Delaney Wahl seems like any other high school student, but two words make the Bay Port senior one in a million.
Epithelioid Hemangioendothelioma (EHE).
EHE is a rare and often deadly vascular sarcoma form of cancer that produce unpredictable tumors which form on blood vessels most commonly found in the arms, legs, lungs, and liver.
After years of misdiagnosis, Wahl found of she had EHE in 2014 after a tumor was discovered in her left bicep.
"My immediate thought was like, wow," Wahl said. "There's not a way to put that into words. If you haven't been there you don't know. But I guess shock is just the first thing. I kind of sat there for a second and said 'Okay, I'm going to be okay. I'm going to work through this.' I think I kind of shocked my mom with that response. I've just stuck with that attitude that we're going to get through it. This is crazy, but we're going to be okay."
EHE affects 100-200 people every year, and there is currently no know cure or an established treatment. Each patient diagnosed with Epithelioid Hemangioendothelioma is considered experimental.
"I was one of 11 teenagers at the time (of her diagnosis), and of those 11 teenagers only 4 of them are still with us here today," Wahl Said.
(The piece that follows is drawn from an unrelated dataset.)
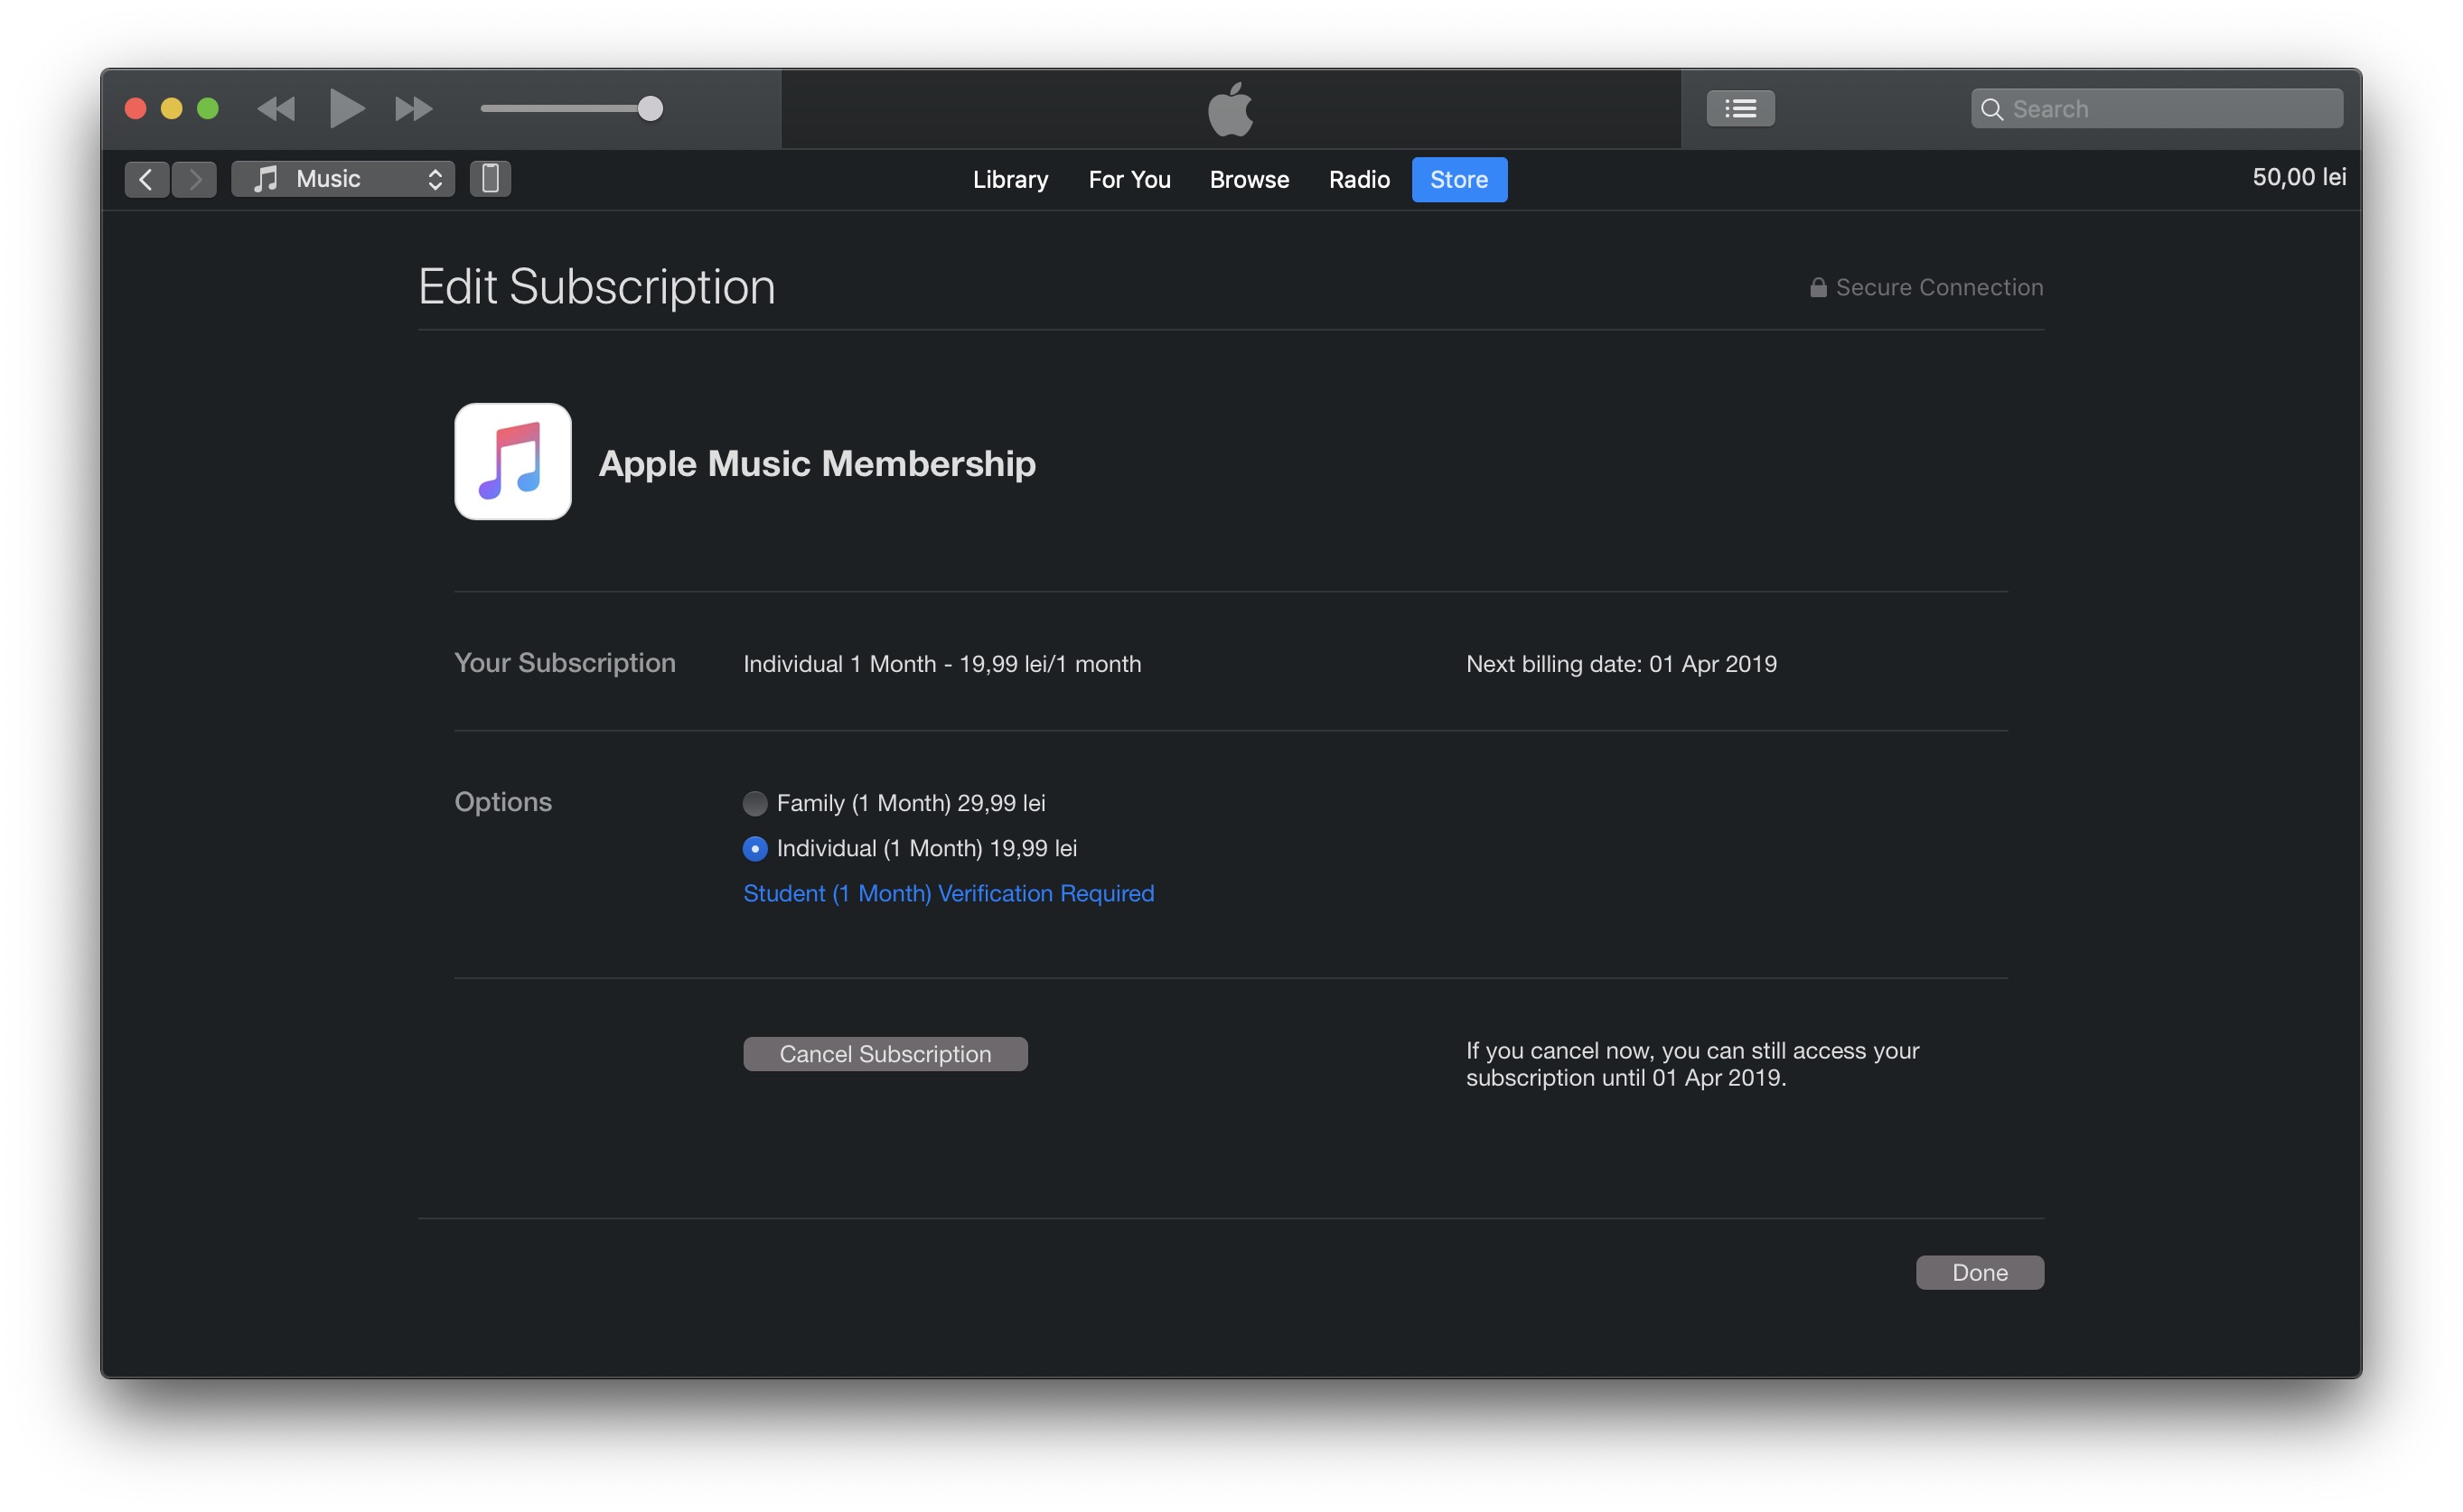 How can we close the subscription Apple Music (Cancel Apple Music subscription)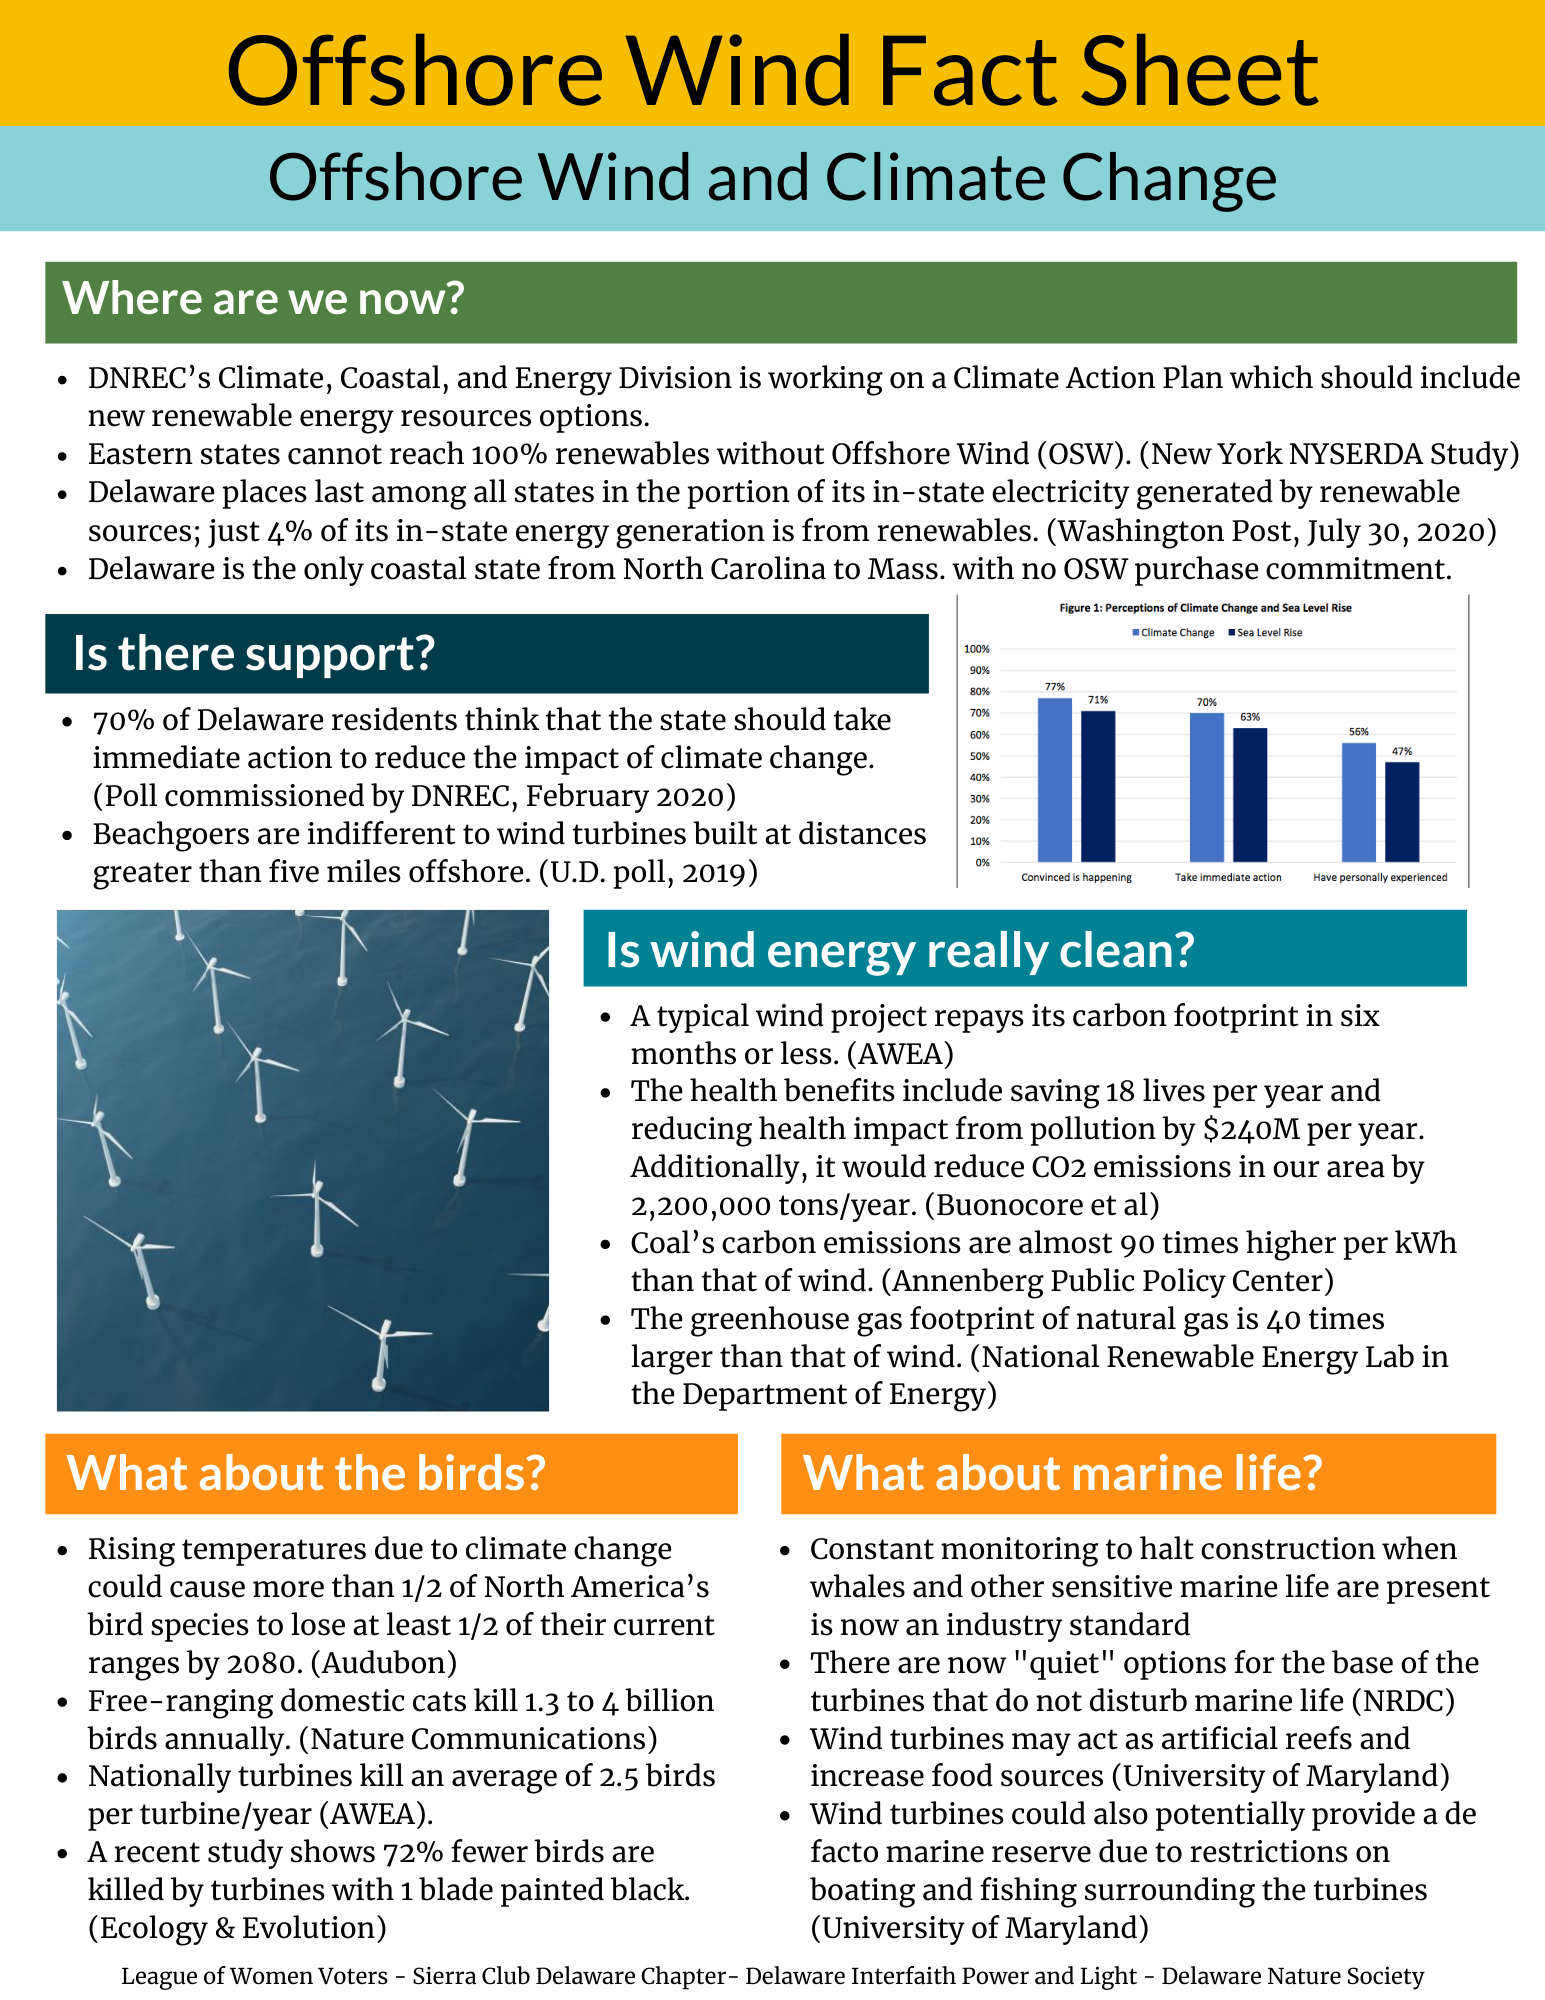 offshore wind and climate change

Her family quickly found there was no funding for EHE either. So Delaney and her mother Julie formed the EHE Foundation in 2015 to increase awareness of EHE, pursue scientific research, bridge clinical information between researchers,providers, and patients and advocate for and support EHE patients.
Julie is currently the President of the EHE Foundation.
"My mom and I joined a Facebook group pretty early on into my diagnosis, and everyone on there is like 'I hope they find a cure, I hope something happens, I hope they can find a treatment," Delaney said."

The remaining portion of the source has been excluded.